**SUPPLIED INFORMATION**
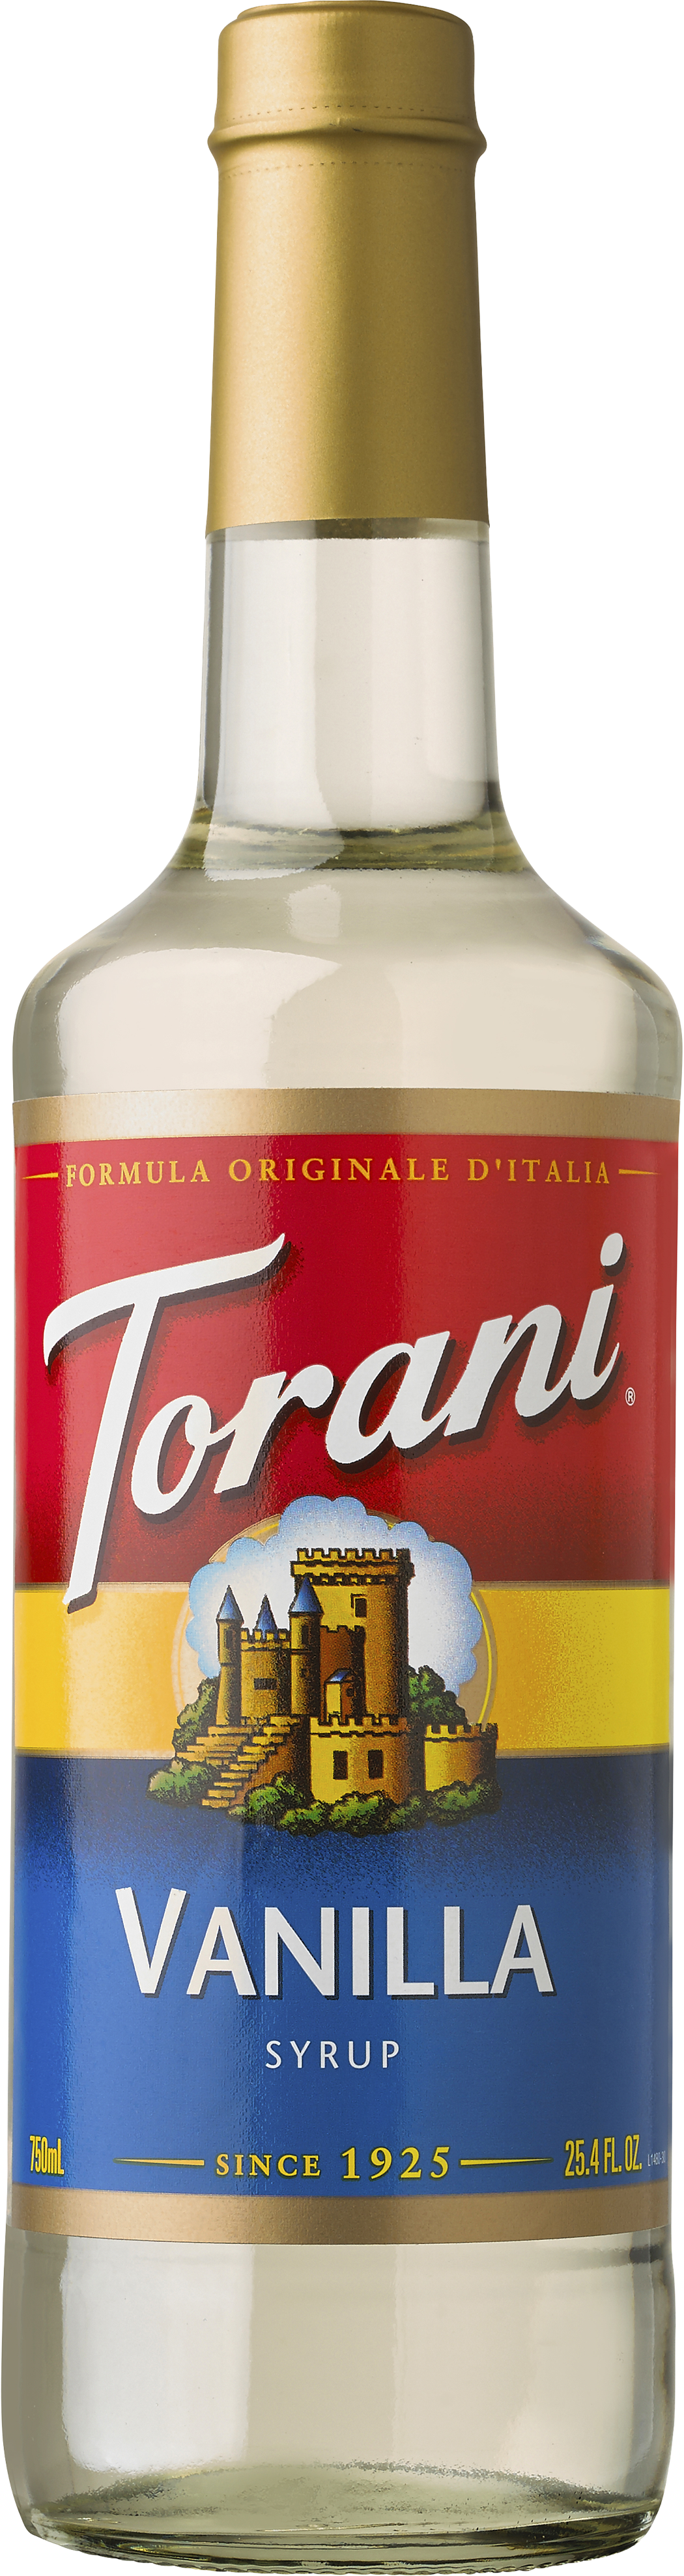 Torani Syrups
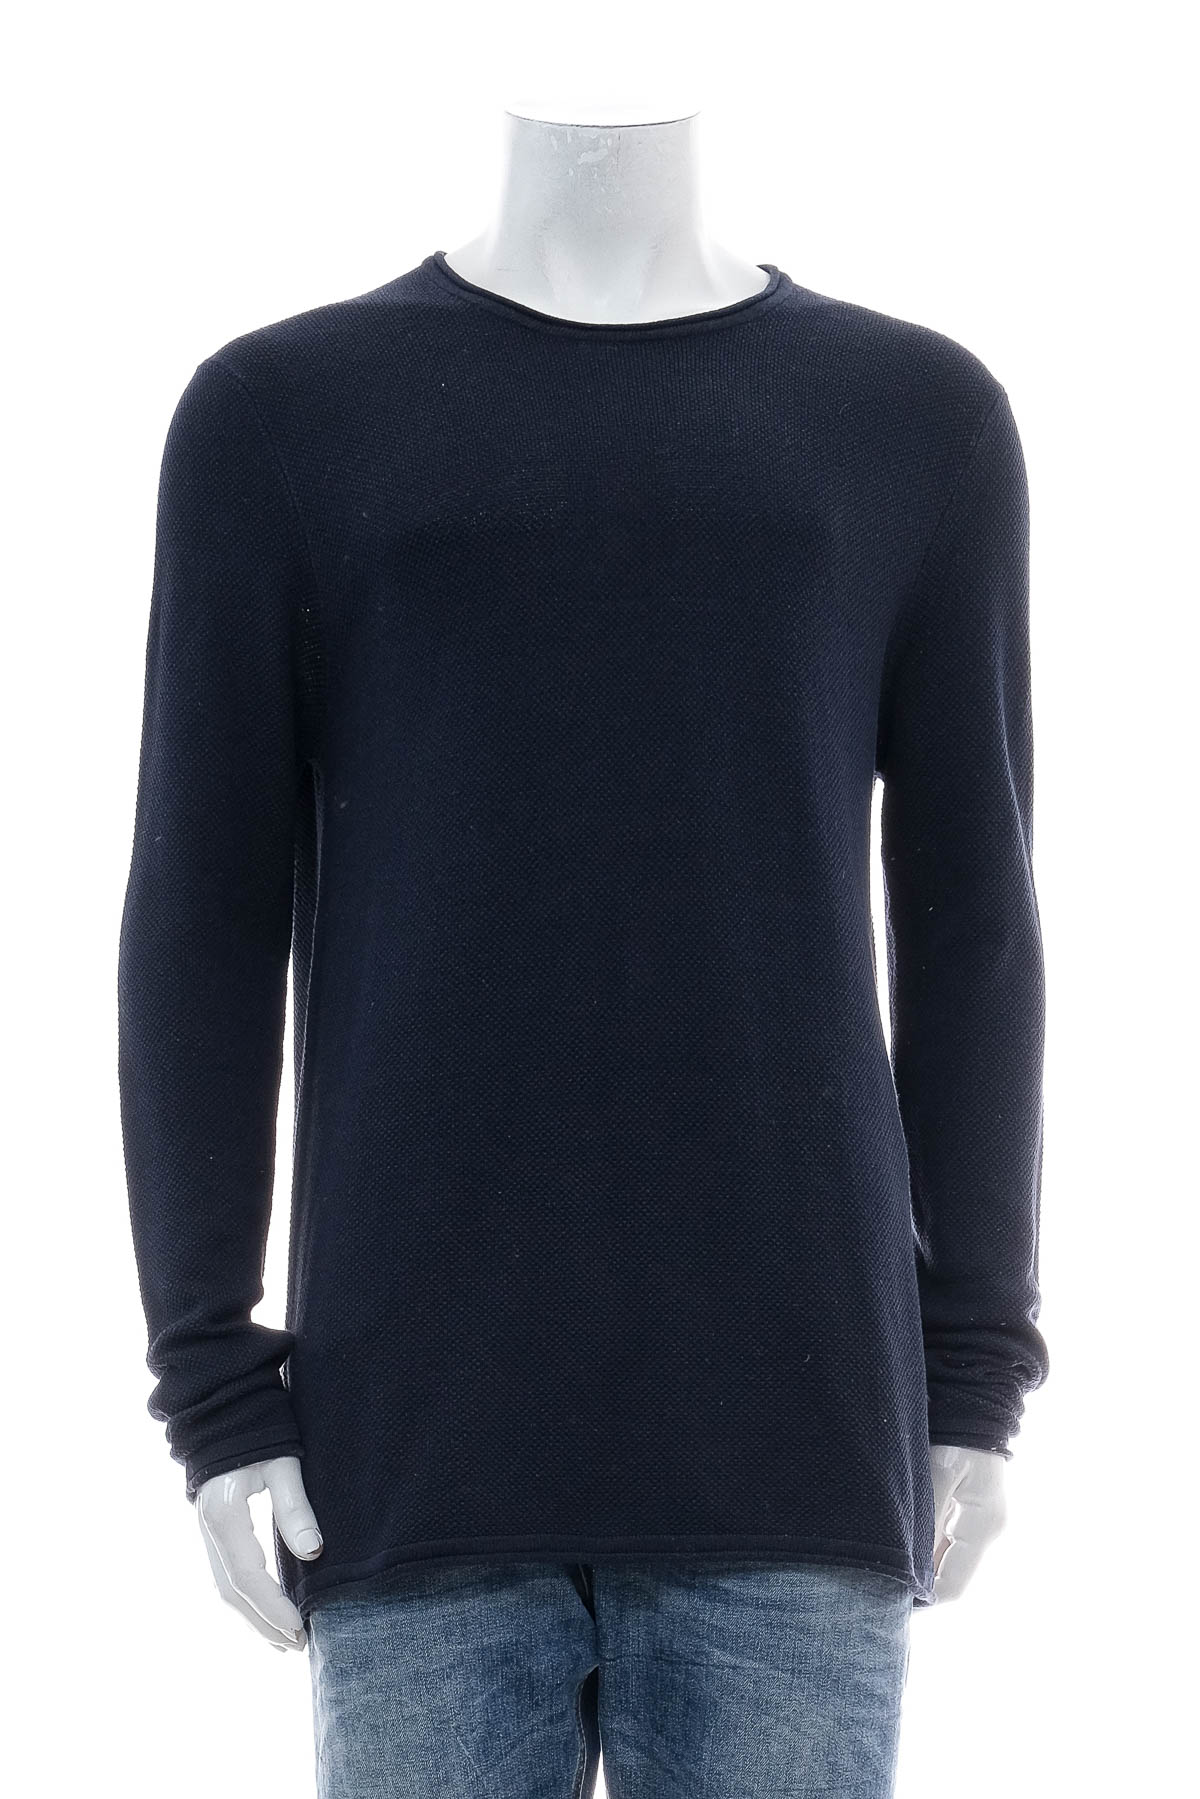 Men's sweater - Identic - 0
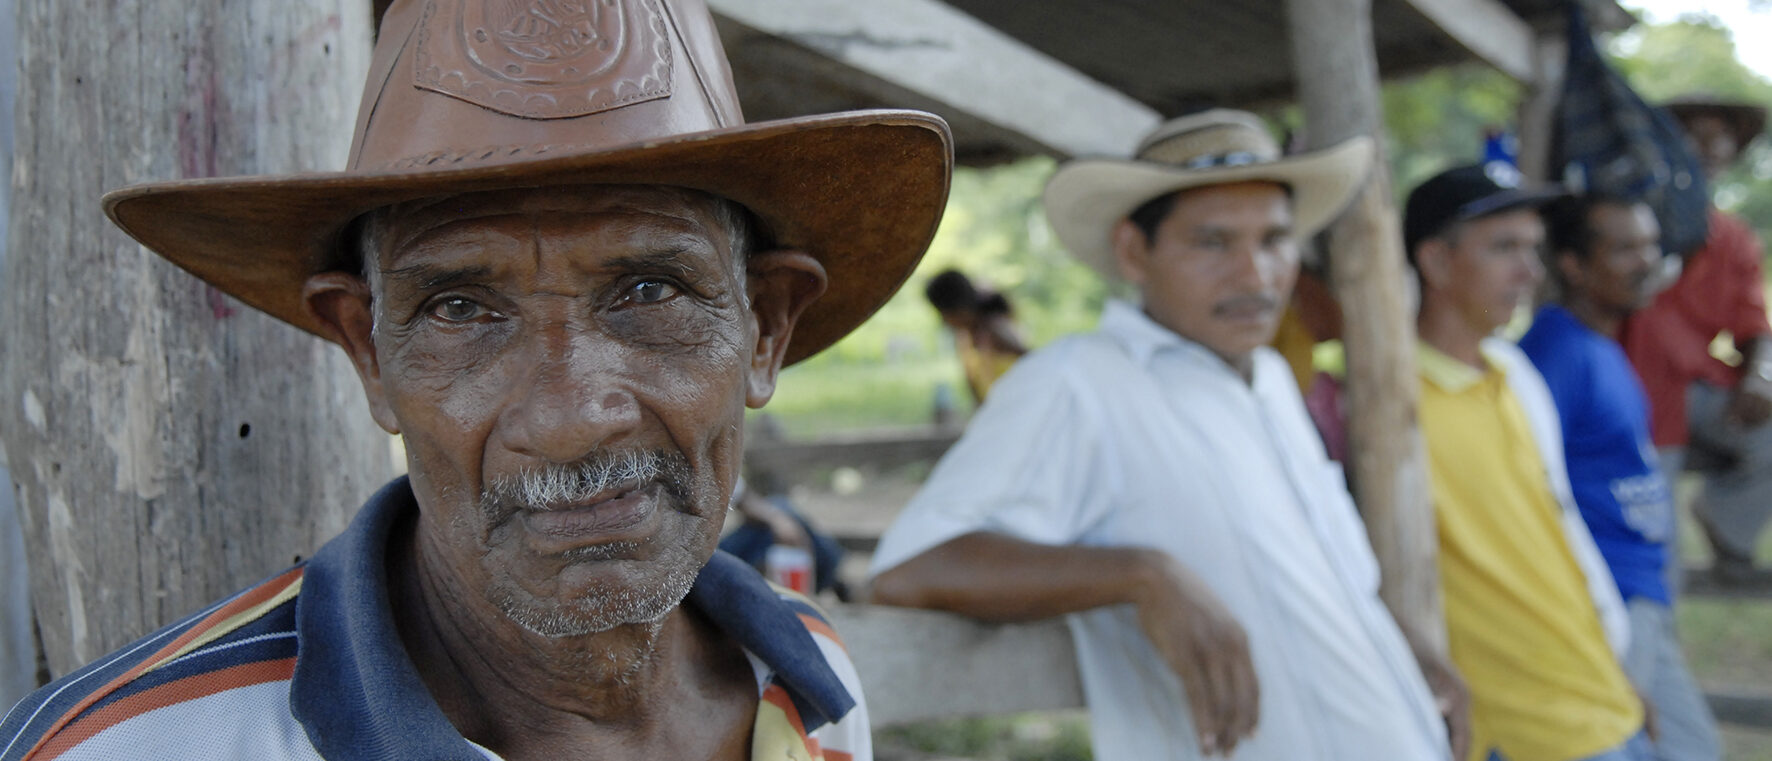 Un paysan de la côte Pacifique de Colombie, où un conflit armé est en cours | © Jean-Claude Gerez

**EXERCISE BRIEF**
The reply must hold every line above exactly as written and none of the pictures.

**SOLUTION FOR THIS TASK**
 Torani Syrups
 Men's sweater - Identic - 0
 Un paysan de la côte Pacifique de Colombie, où un conflit armé est en cours | © Jean-Claude Gerez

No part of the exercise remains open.